Brief: Once you find the line with "Out NOW! Listen", output it and every line after it exactly, through the last line of the listing, but no pictures.

*** Opening Given material ***

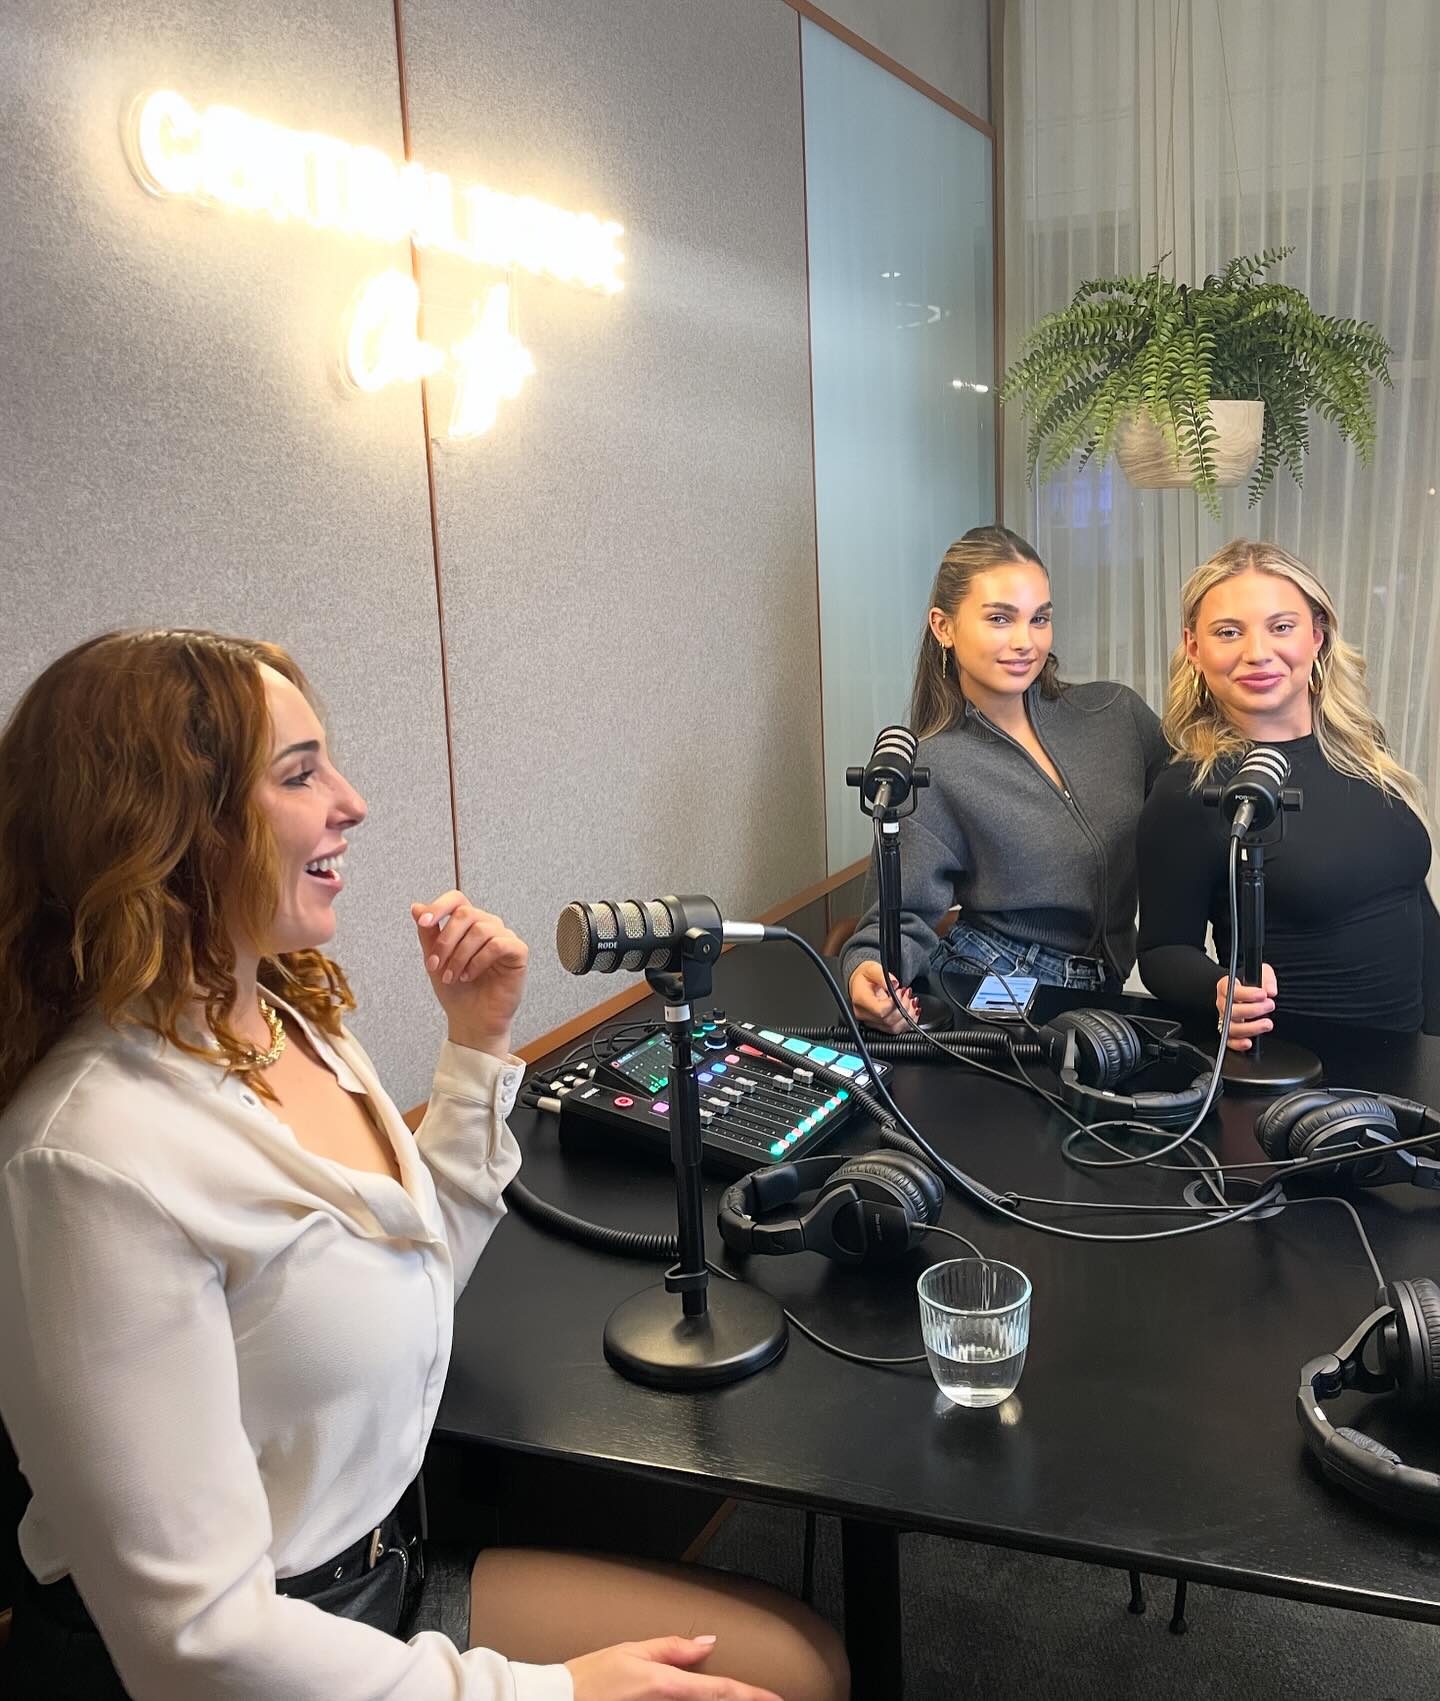 Thank you @s4mguggs and @izzyarmitage for having me on @justforgirrls podcast today. So many laughs were had! Can’t wait for everyone to hear our very interesting conversations on intimacy, relationships, streaming, the sugar bowl, and salt daddies 💅😂

Out NOW! Listen wherever you get your podcasts 🎧
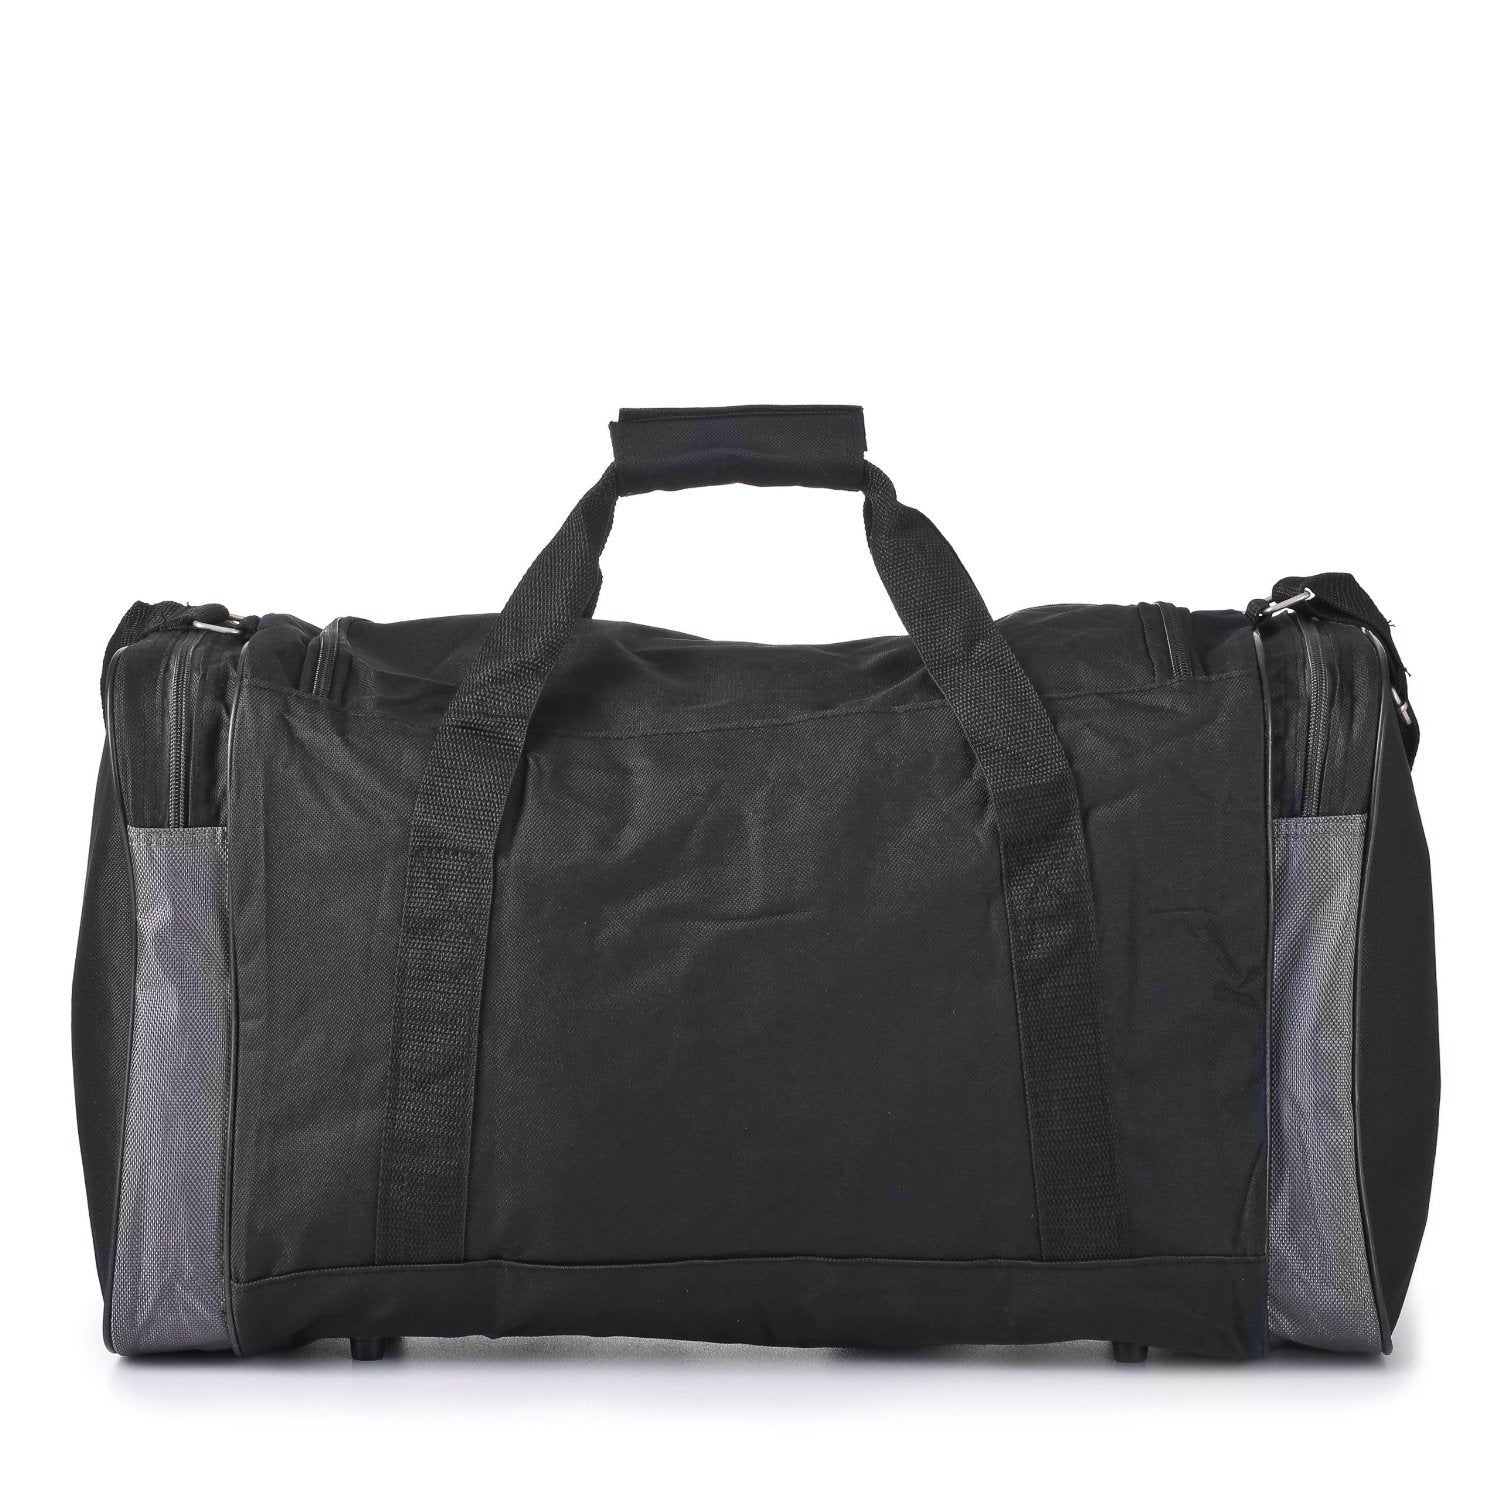 5 Cities Lightweight Hand Luggage Cabin Sized Sports Duffel Holdall (Black 330)

*** Closing Given material ***

Exercise response:
Out NOW! Listen wherever you get your podcasts 🎧
 5 Cities Lightweight Hand Luggage Cabin Sized Sports Duffel Holdall (Black 330)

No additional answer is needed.